What you are asked to do:
Return the lines of the data below starting at the one holding "Liberalerna dippade rejält" and ending at the one holding "Courier insurance Tripuranthakam to Behali", word for word, leaving every picture out.

The records:
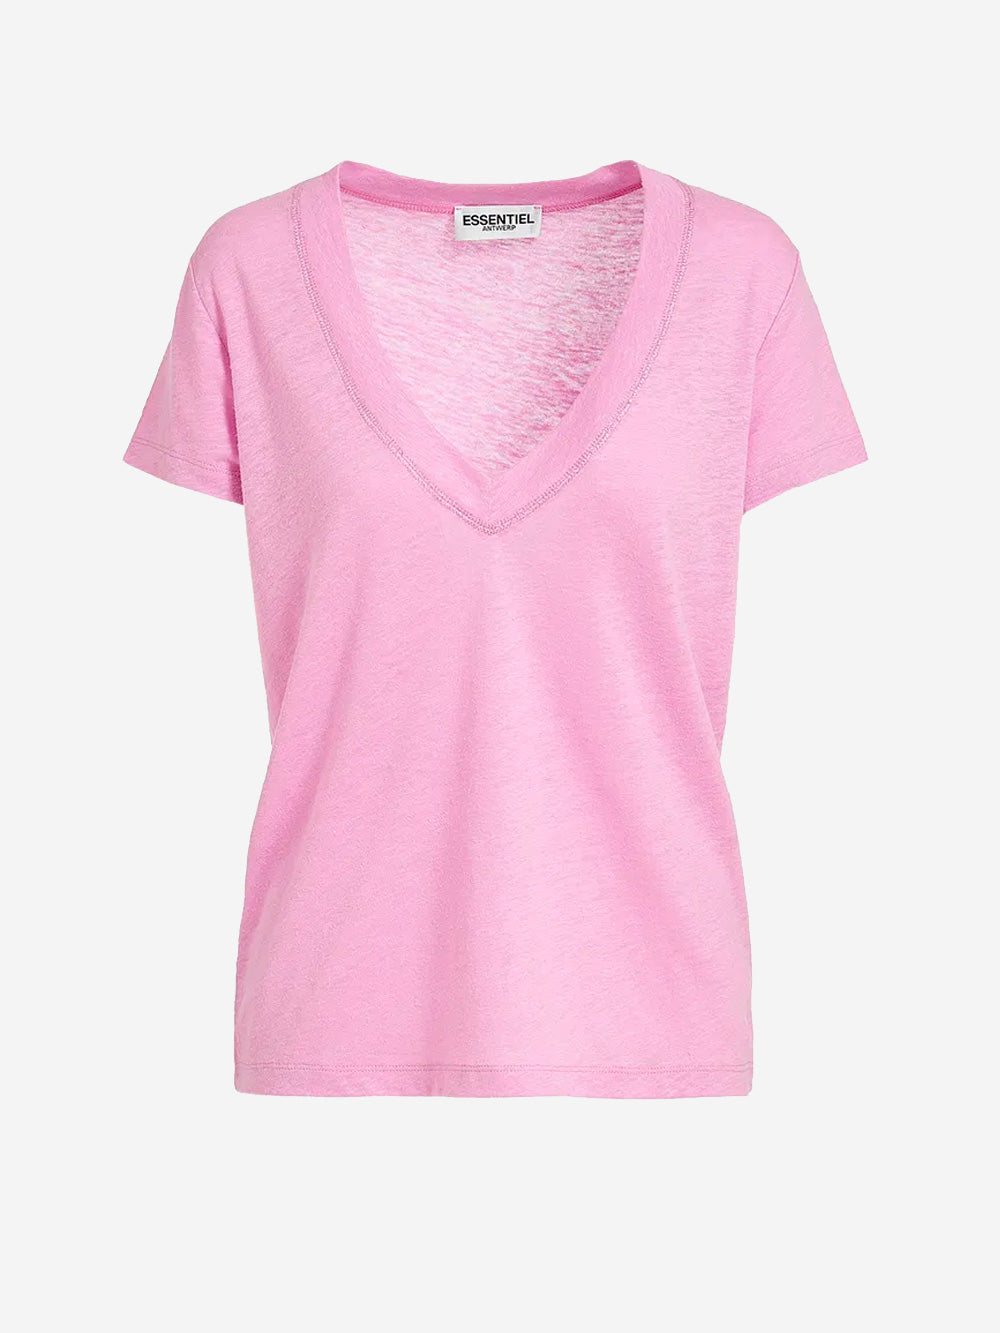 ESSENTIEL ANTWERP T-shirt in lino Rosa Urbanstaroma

---

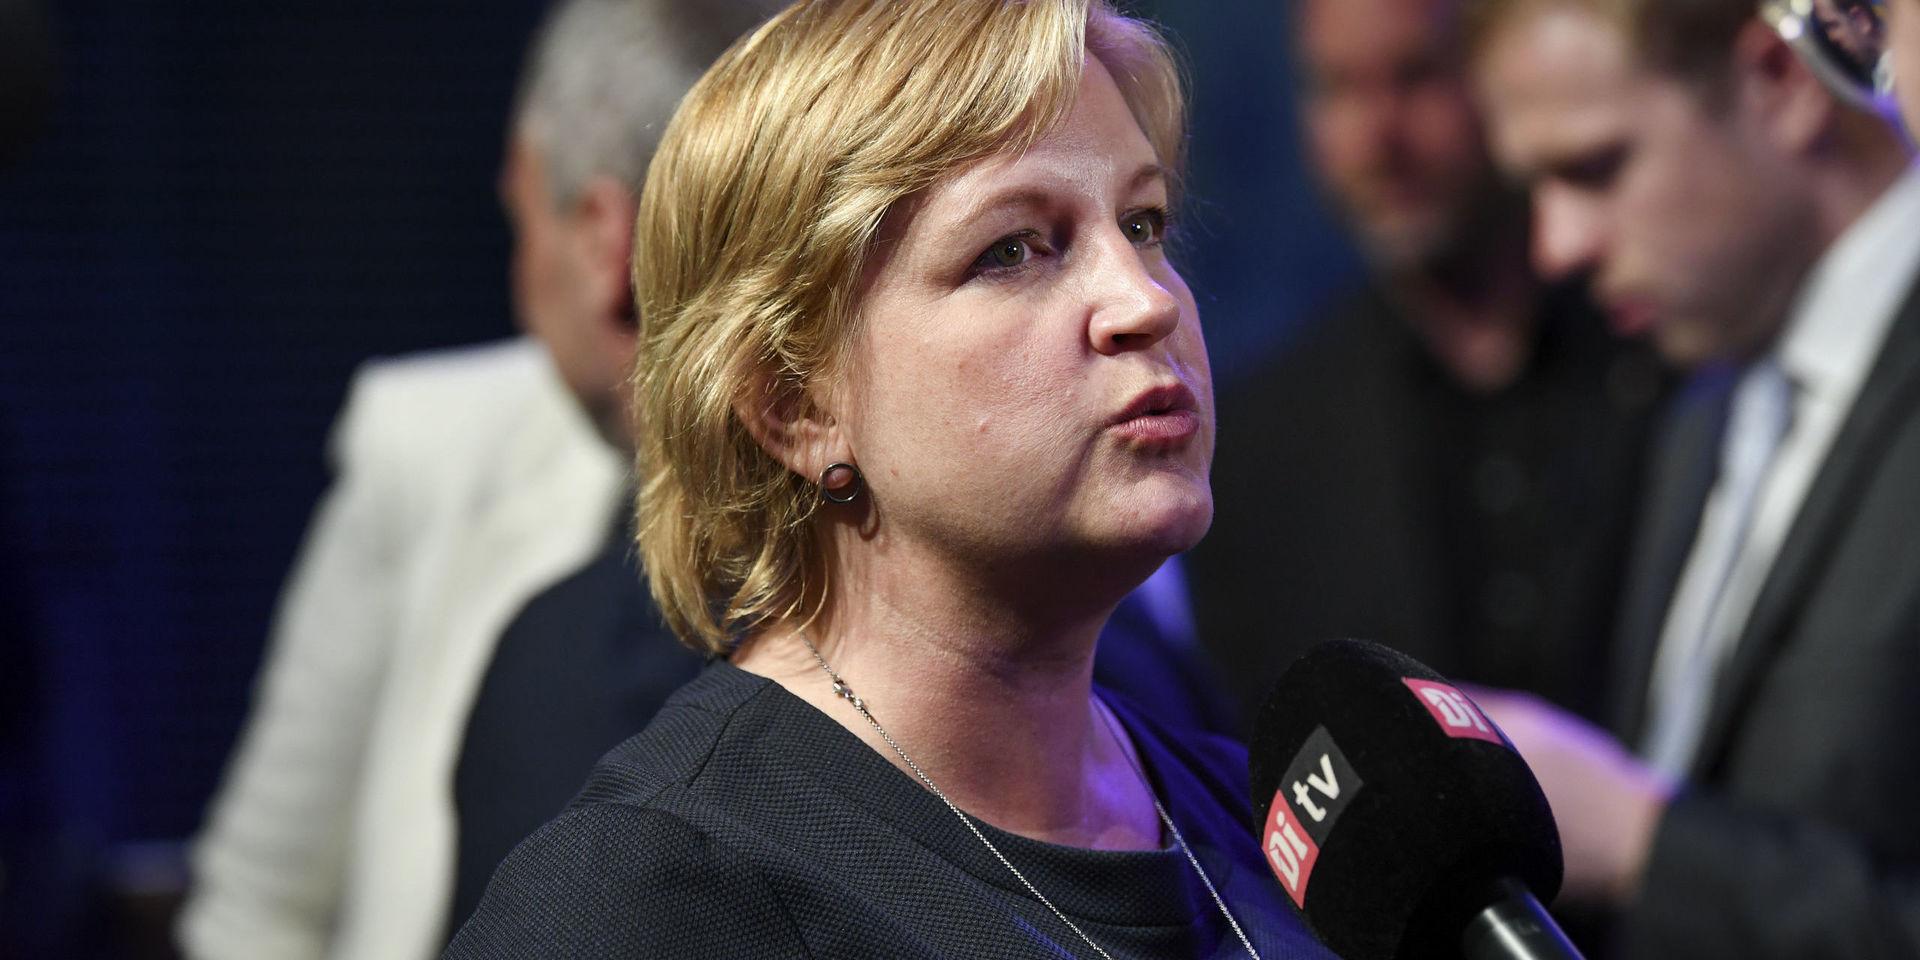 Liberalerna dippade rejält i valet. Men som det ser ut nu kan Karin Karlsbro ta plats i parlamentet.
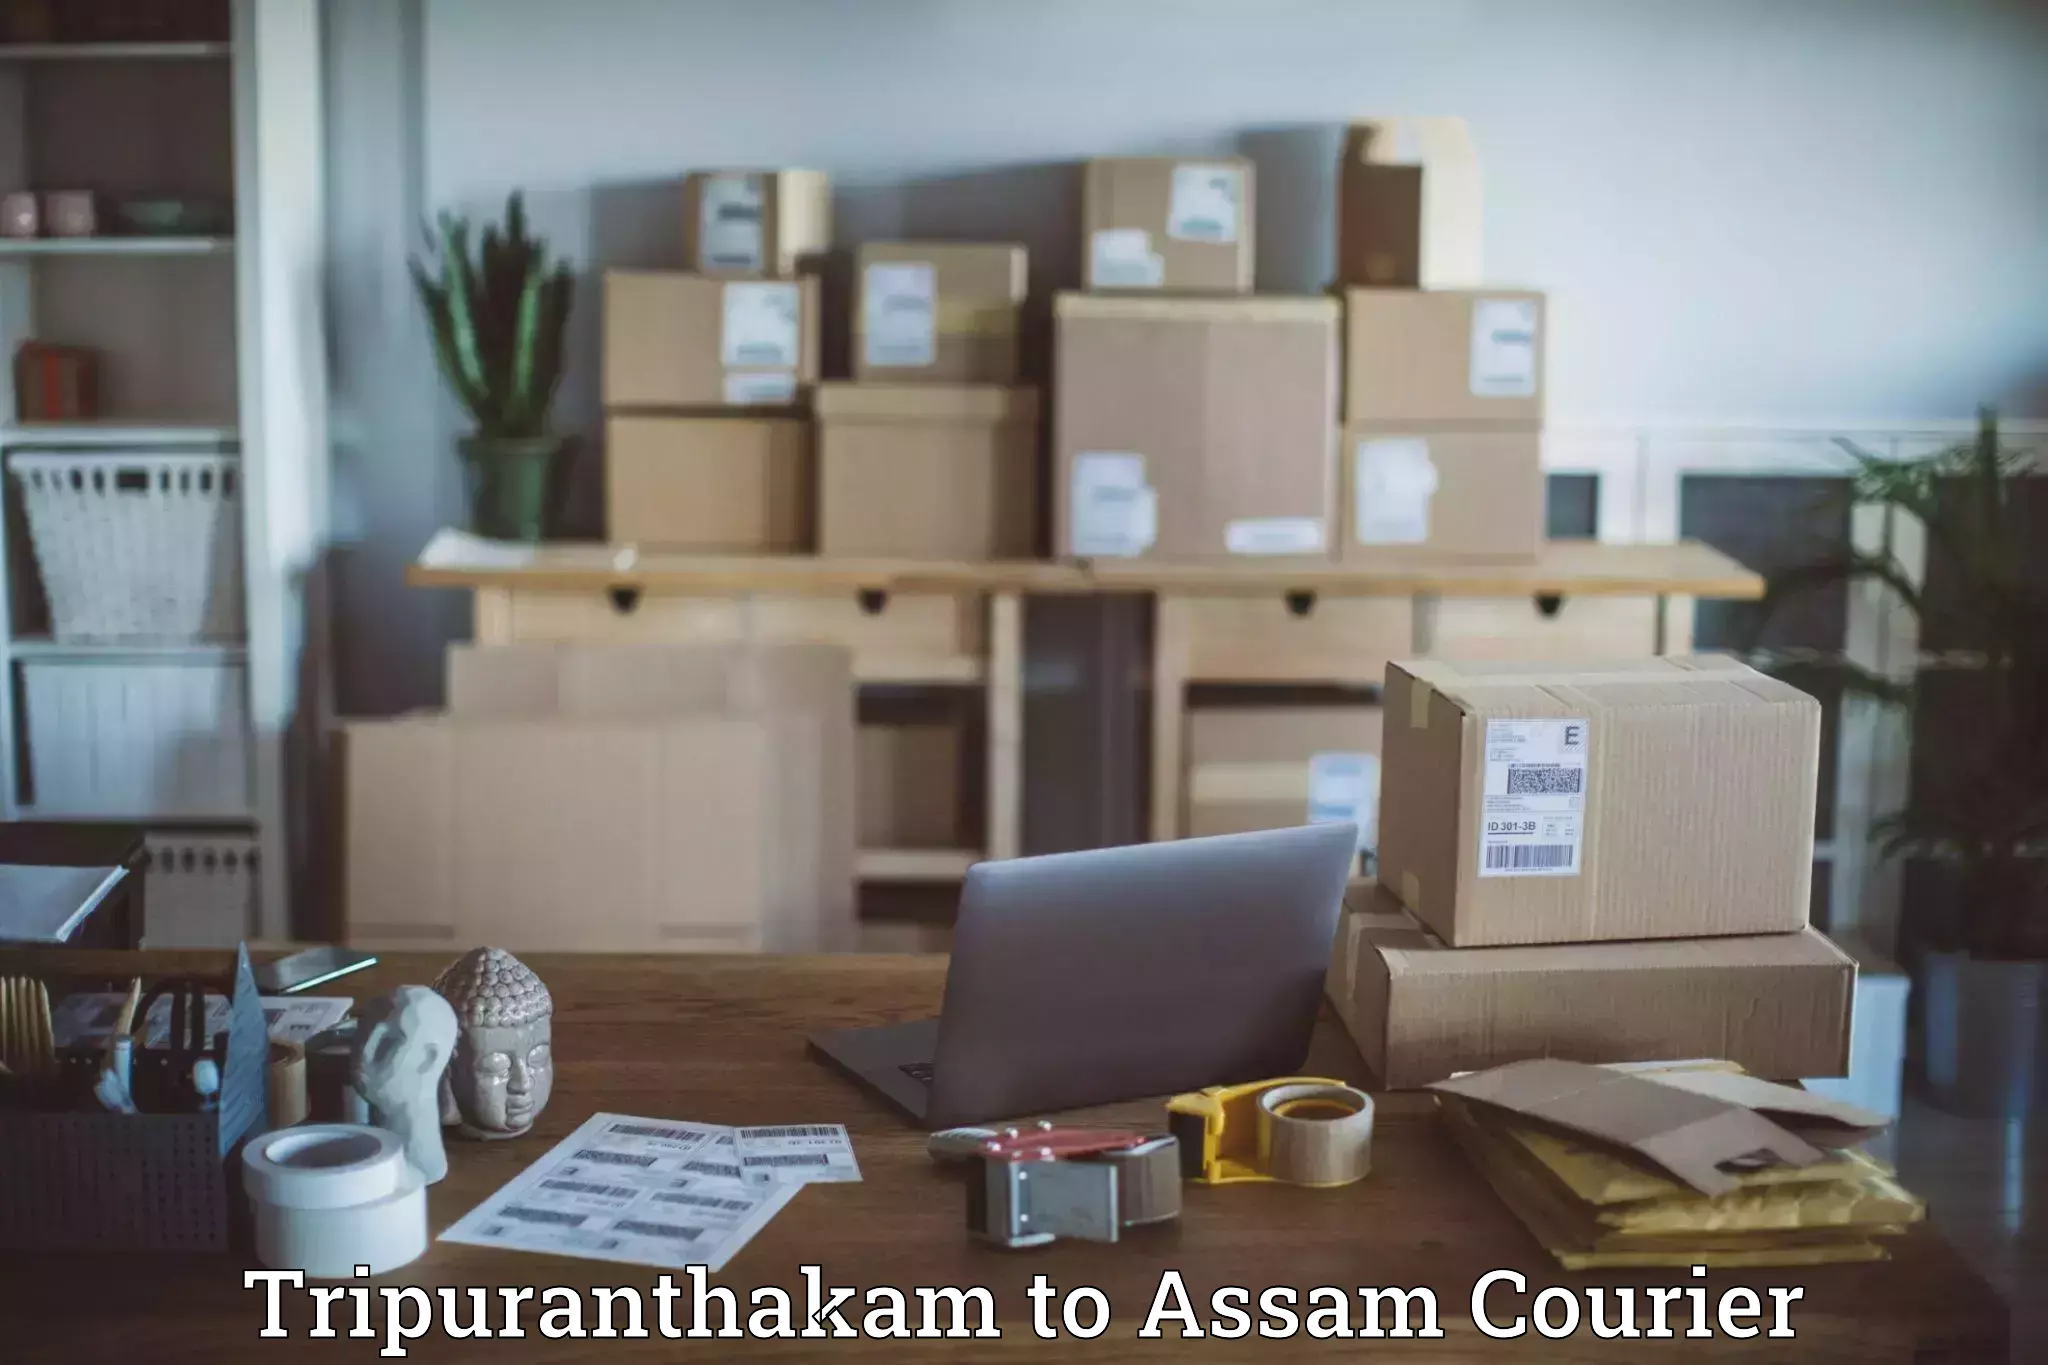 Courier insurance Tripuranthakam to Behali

==

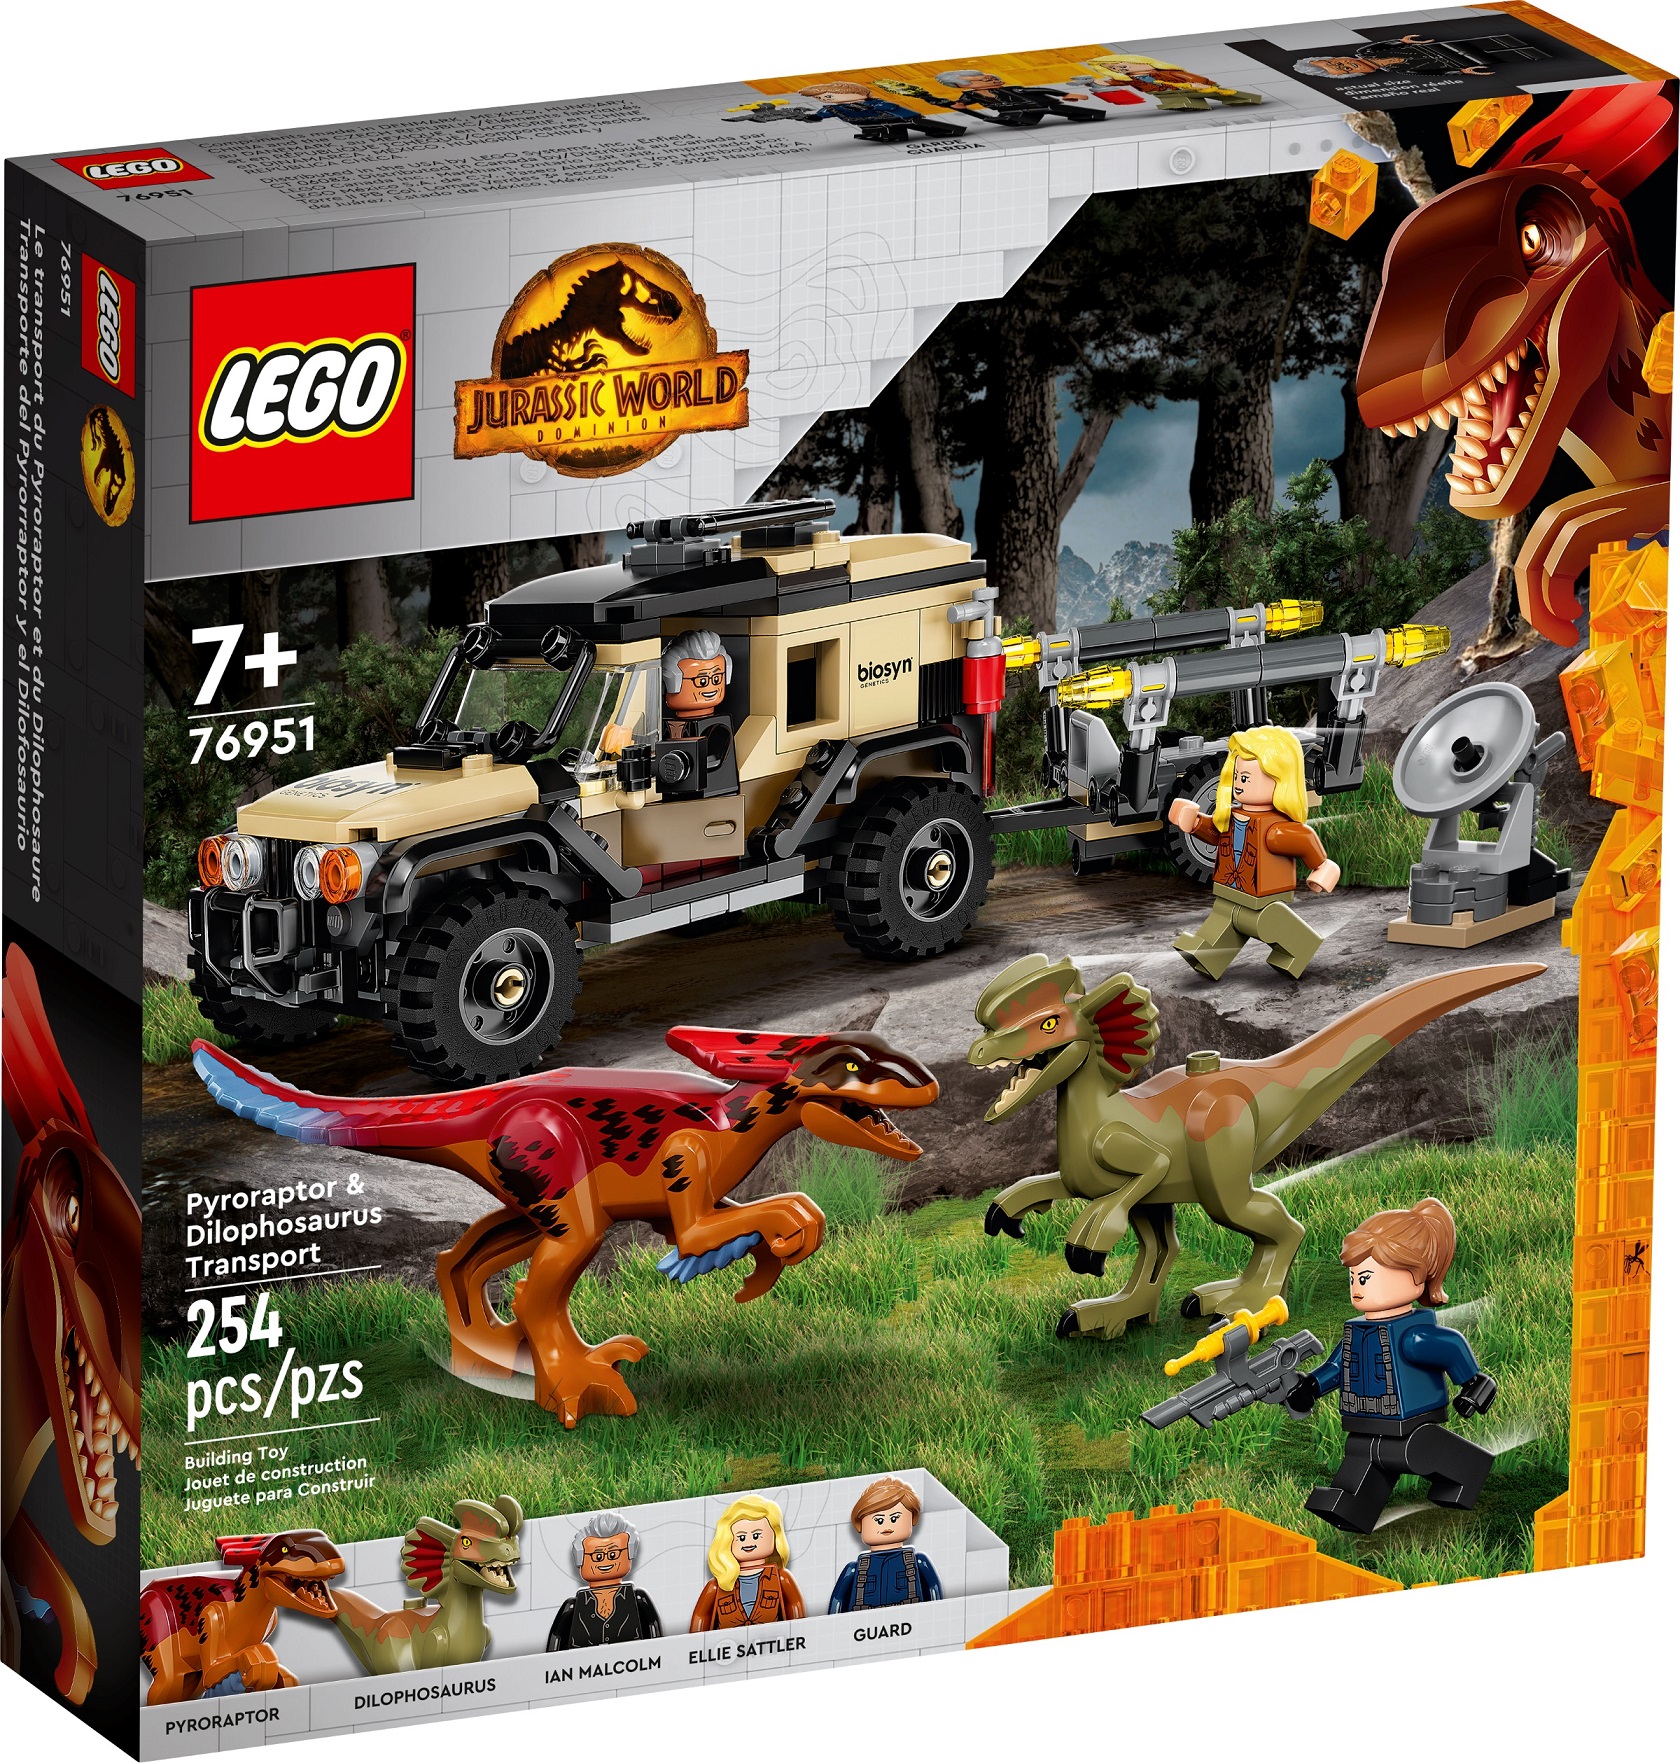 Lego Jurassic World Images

Written solution:
 Liberalerna dippade rejält i valet. Men som det ser ut nu kan Karin Karlsbro ta plats i parlamentet.
 Courier insurance Tripuranthakam to Behali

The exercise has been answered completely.